16. The configuration information includes a set of candidate overheads and performance-critical performance indicators corresponding to each of the set of candidate overheads. The aforementioned method, The further includes selecting one overhead from the set of candidate overheads as the overhead for reporting the precoding matrix information, in accordance with the performance-critical performance indicators corresponding to each of the set of candidate overheads. The channel status information reporting method according to claim 1.

17. The aforementioned configuration information includes a set of candidate overheads. The aforementioned method, The method involves obtaining registration information for a machine learning model to process the aforementioned precoding matrix information, and further including that the registration information includes performance-critical metrics corresponding to each of the set of candidate overheads. The aforementioned method, The further includes selecting one overhead from the set of candidate overheads as the overhead for reporting the precoding matrix information, in accordance with the performance-critical performance indicators corresponding to each of the set of candidate overheads. The channel status information reporting method according to claim 1.

18. The above configuration information includes one overhead, The aforementioned overhead is the overhead for reporting the precoding matrix information. The channel status information reporting method according to claim 1.

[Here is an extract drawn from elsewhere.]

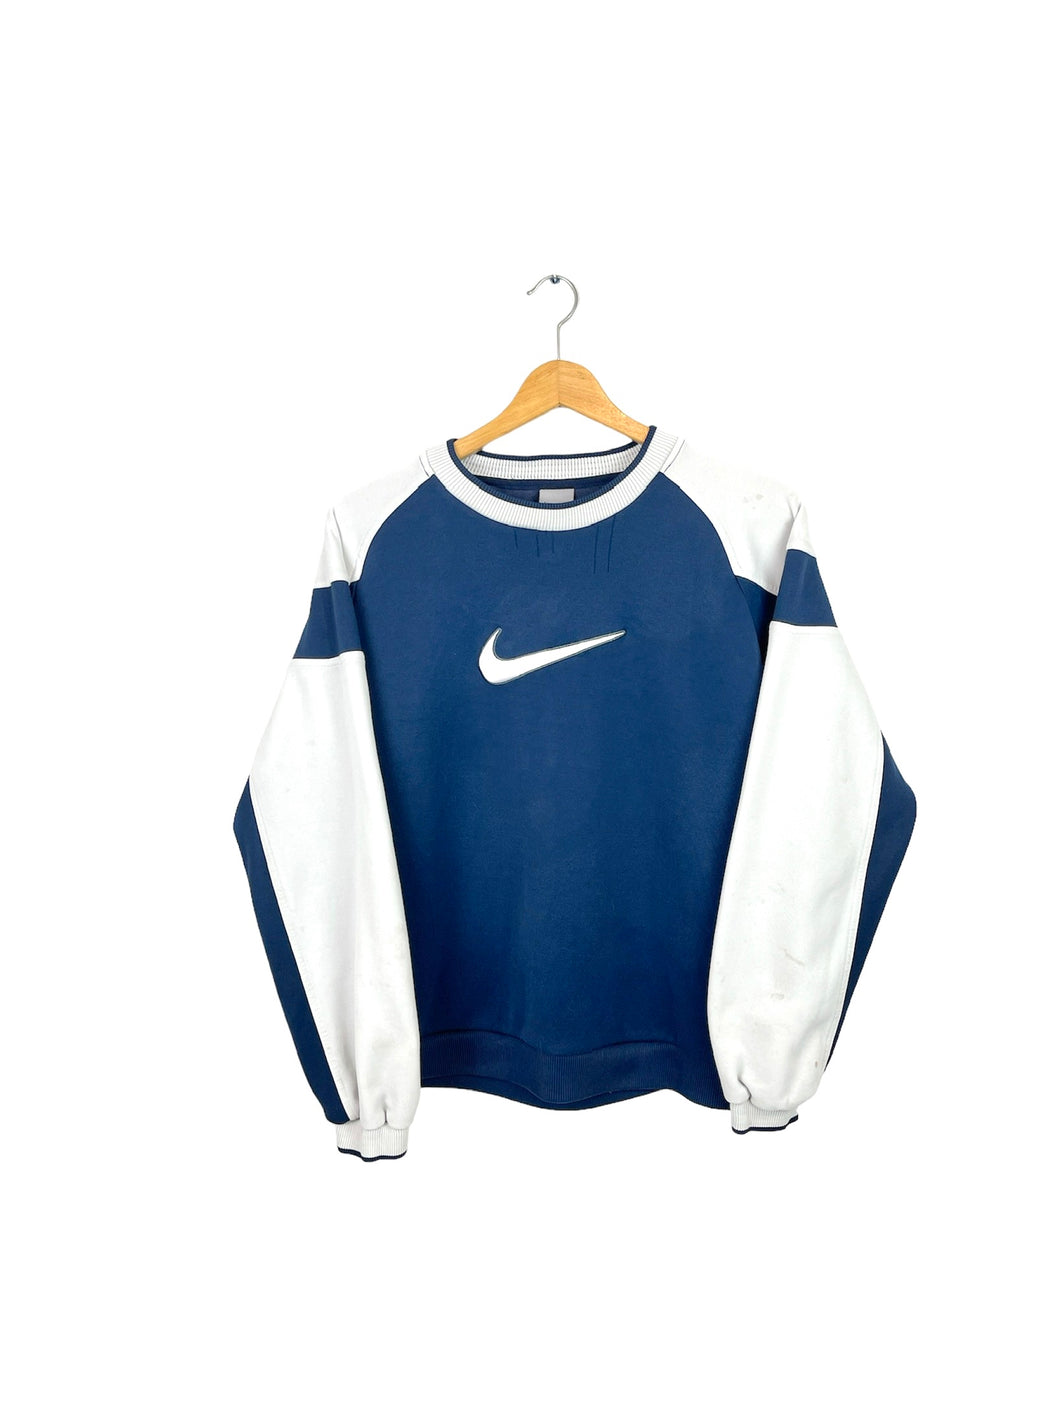 Nike Sweatshirt - XSmall

19. Receiving instruction information regarding the selection of a codebook subset from the second communication node, The method further includes reporting a selected subset of codebooks in accordance with the aforementioned instruction information, The precoding matrix information is reported according to the selected subset of codebooks. The channel status information reporting method according to claim 1.

20. The second communication node receives instruction information regarding the functional unit, The input of the aforementioned functional entity is an index number, and the output is a precoding matrix, further comprising: The channel status information reporting method according to claim 1.

21. Selecting an index number set from a candidate index number set, This further includes providing feedback of the index number in a bit field, The value of the bit field is mapped in ascending order to the index number in the selected set of index numbers, and the value of the bit field, 0, is mapped to the smallest index number in the selected set of index numbers. The bit width of the bit field is determined according to the number of index numbers in the selected set of index numbers. The channel status information reporting method according to claim 20.

22. A method for receiving channel status information applied to a second communication node, Sending channel status information configuration information, The channel state information reported from the first communication node is received, the channel state information includes precoding matrix information, and the overhead for reporting the precoding matrix information is within a limit. including, Method for receiving channel status information.

23. It comprises memory and at least one processor, The memory is configured to store at least one program, When the at least one program is executed on the at least one processor, the at least one processor implements the channel status information reporting method according to any one of claims 1 to 22. Communication node.

24. When a computer program is stored and executed by a processor, the channel status information reporting method described in any one of claims 1 to 22 is realized. Computer-readable storage medium.